Overview: Enabling SPD Server with Hadoop

This chapter provides the information for the SPD Server administrator to enable SPD Server with Hadoop. To enable SPD Server with Hadoop requires only changes by the administrator. The client programs do not need to change.
To enable SPD Server with Hadoop:
  1. Verify your Hadoop environment. For more information, see Checklist to Verify the Hadoop Environment.
  2. Obtain the Hadoop distribution JAR and cluster configuration files from the Hadoop cluster. For more information, see Obtaining Hadoop Distribution JAR and Configuration Files from Hadoop Cluster.
  3. Specify the Hadoop parameter file options in the libnames.parm file and the spdsserv.parm file to make the Hadoop cluster configuration files and the Hadoop distribution JAR files available to SPD Server. For more information, see Specifying the Hadoop Parameter File Options.
  4. For a MapR Hadoop distribution, you must add information to the spdsserv.parm parameter file. On a Microsoft Windows operating system, you must add properties to configuration files. For more information, see Additional Configuration for a MapR Hadoop Distribution.

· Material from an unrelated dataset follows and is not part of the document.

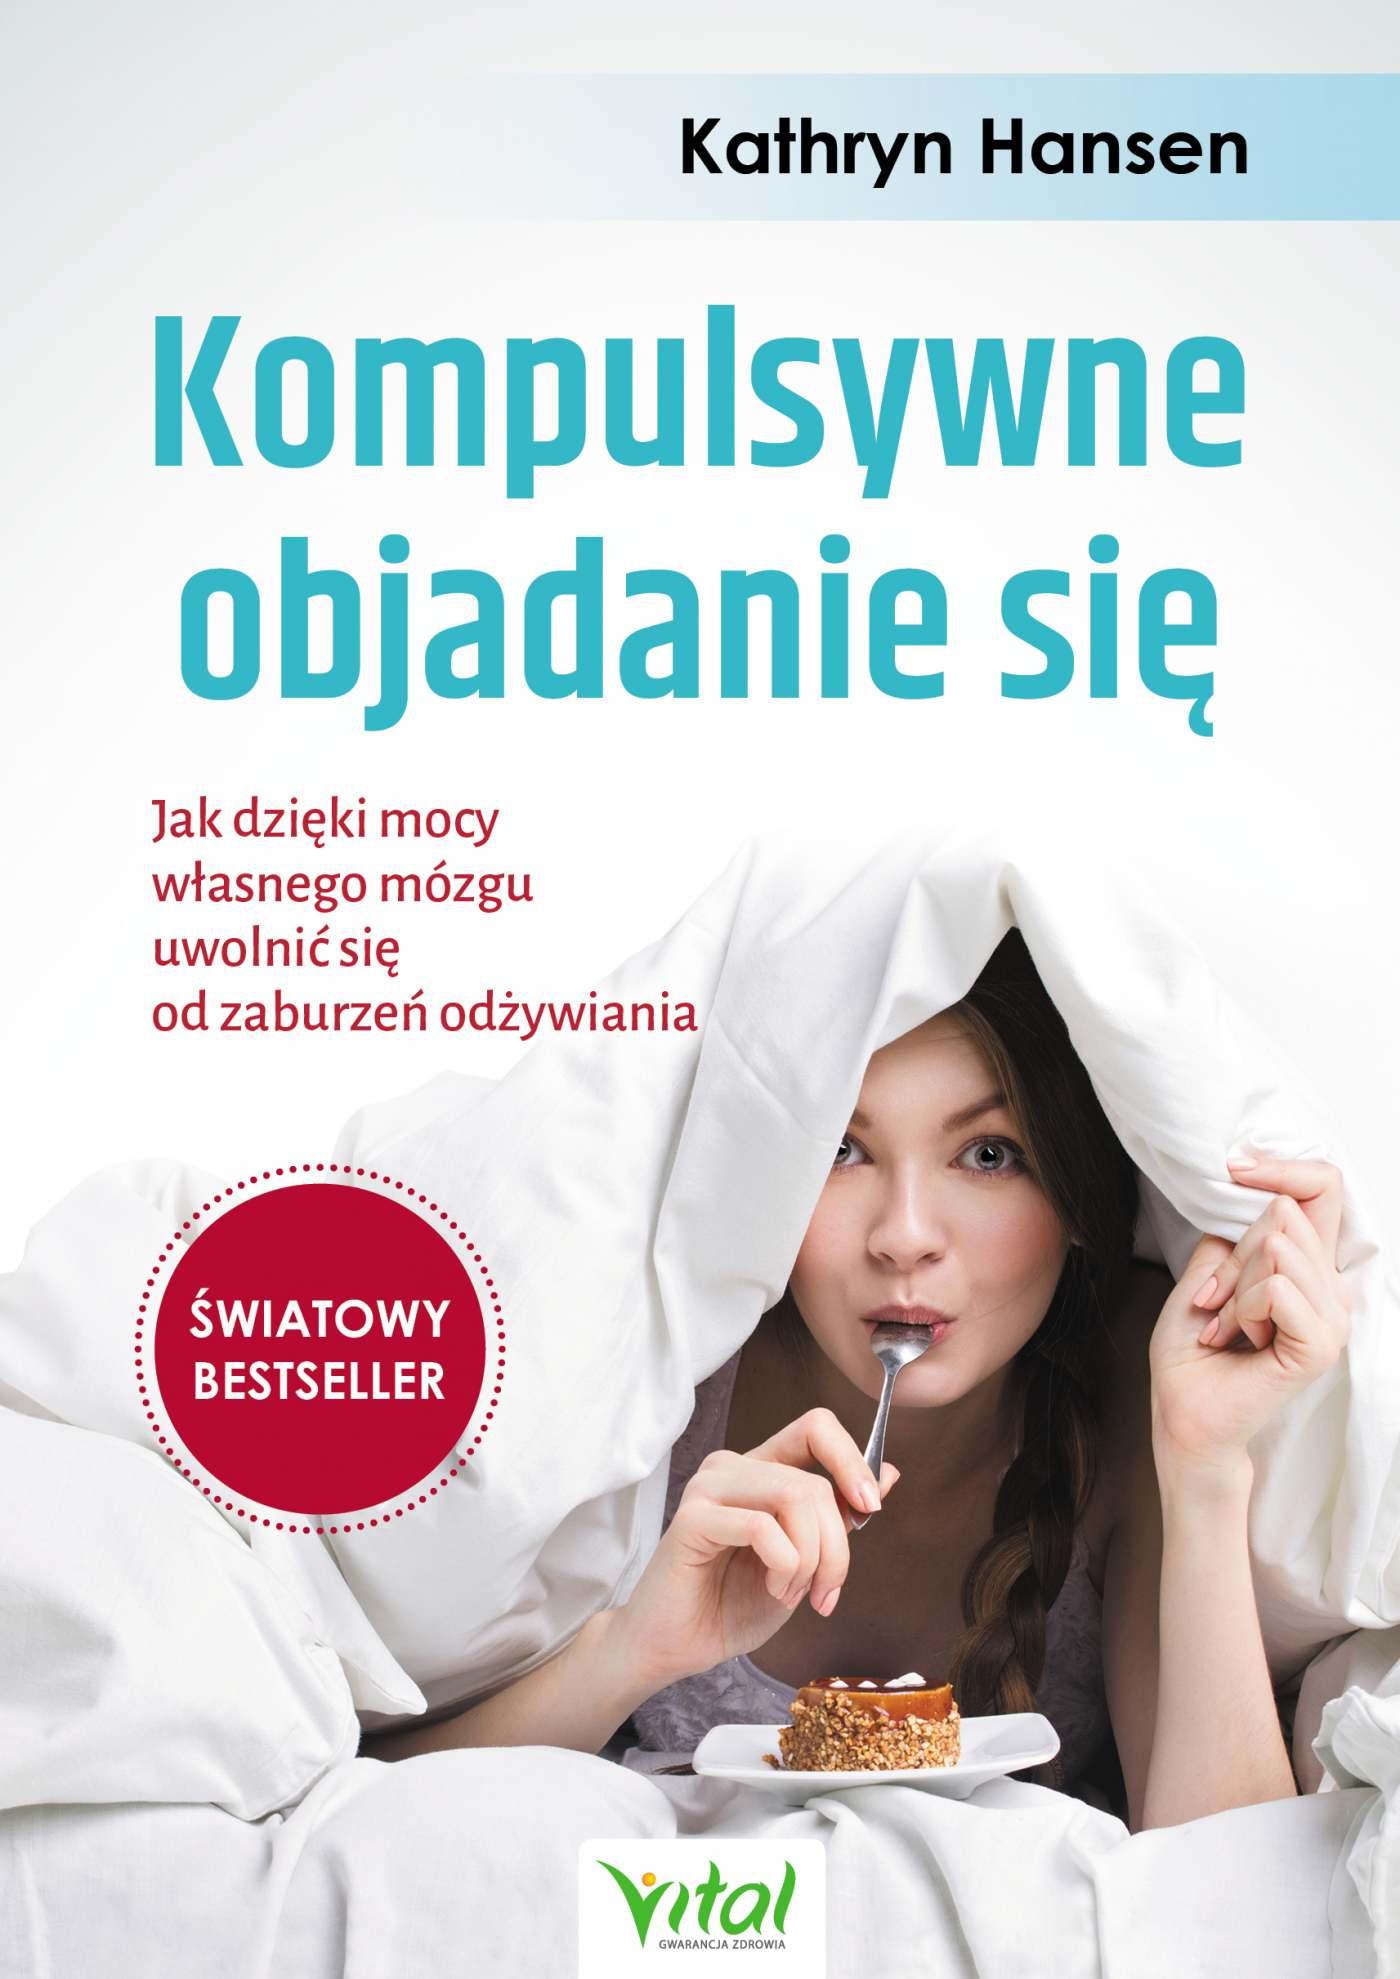 Kompulsywne objadanie się. Jak dzięki mocy własnego mózgu uwolnić się od zaburzeń odżywiania - Ebook (Książka na Kindle) do pobrania w formacie MOBI
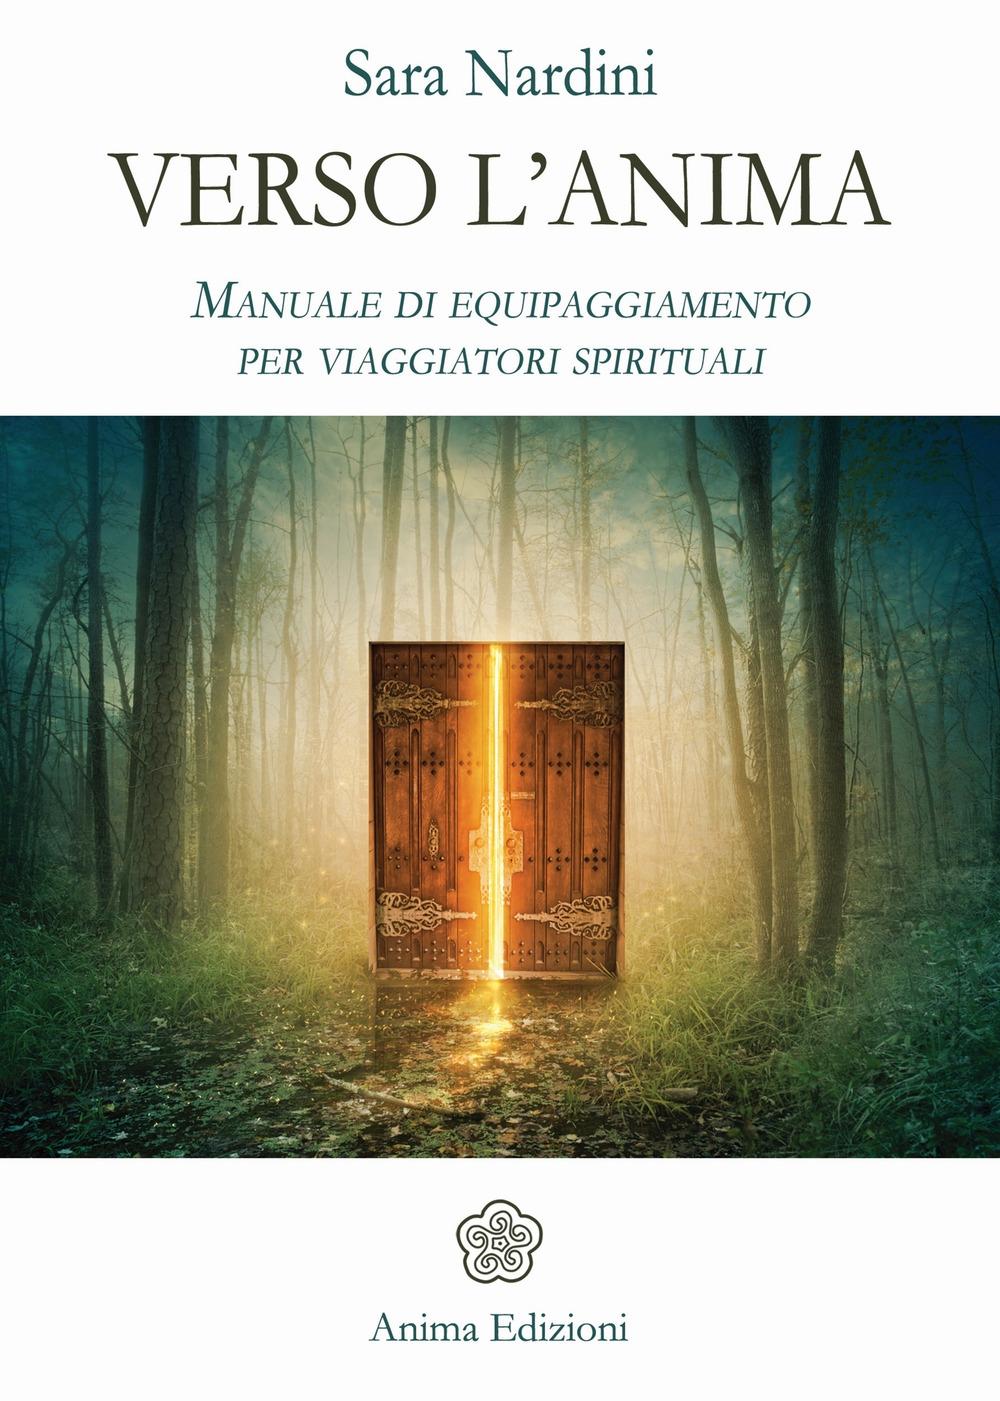 Verso l'anima. Manuale di equipaggiamento per viaggiatori spirituali

  5. On Microsoft Windows, to perform WHERE processing optimization, you must add a property to the mapred-site.xml configuration file. For more information, see Additional Configuration for Optimized WHERE Processing on Microsoft Windows.
  6. Update the rc.spds script. For more information, see Updating the rc.spds Script.
  7. Run basic tests to confirm that your Hadoop connections are working. For more information, see Validating the SPD Server to Hadoop Connection.